## Work item
Please count every line of the following material that holds "Sculpture" and give the total alone.

::::::::::

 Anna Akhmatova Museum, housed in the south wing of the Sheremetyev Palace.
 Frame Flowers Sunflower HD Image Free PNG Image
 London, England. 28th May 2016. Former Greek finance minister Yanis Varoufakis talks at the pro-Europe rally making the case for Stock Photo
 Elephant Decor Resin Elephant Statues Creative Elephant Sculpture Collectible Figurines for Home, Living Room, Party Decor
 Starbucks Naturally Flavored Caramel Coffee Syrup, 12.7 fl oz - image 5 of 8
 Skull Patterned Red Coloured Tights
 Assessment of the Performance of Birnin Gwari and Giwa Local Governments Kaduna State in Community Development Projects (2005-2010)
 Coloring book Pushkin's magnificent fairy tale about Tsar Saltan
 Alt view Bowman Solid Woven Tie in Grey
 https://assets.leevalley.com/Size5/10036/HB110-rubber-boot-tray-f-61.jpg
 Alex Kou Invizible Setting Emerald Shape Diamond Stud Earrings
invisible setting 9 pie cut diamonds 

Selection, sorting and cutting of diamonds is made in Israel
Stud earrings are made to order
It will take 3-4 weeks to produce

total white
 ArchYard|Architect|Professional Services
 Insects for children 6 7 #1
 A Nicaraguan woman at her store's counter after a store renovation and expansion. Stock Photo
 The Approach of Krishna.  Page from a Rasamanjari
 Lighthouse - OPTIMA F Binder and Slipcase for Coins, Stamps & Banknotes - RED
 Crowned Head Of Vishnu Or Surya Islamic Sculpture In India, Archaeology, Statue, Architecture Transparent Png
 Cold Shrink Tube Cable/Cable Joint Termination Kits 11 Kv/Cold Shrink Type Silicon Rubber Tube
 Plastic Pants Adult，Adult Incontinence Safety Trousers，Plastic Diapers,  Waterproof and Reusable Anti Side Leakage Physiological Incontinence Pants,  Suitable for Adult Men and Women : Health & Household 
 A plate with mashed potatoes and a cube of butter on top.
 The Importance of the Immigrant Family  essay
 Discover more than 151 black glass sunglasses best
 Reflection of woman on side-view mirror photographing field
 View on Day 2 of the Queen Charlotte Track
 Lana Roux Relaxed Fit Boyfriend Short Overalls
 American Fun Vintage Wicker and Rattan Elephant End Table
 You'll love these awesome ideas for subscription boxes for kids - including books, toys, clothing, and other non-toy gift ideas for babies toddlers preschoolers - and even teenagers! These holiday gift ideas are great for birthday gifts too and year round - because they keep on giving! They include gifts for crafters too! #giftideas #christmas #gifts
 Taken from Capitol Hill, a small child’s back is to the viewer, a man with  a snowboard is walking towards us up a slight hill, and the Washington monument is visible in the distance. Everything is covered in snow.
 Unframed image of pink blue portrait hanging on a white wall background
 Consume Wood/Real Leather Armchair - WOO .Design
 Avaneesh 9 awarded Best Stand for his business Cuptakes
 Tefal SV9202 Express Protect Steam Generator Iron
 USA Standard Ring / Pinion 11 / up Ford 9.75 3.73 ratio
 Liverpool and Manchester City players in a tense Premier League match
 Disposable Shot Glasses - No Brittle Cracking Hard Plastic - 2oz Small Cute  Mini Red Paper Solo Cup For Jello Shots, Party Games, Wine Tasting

::::::::::

## Expected answer
2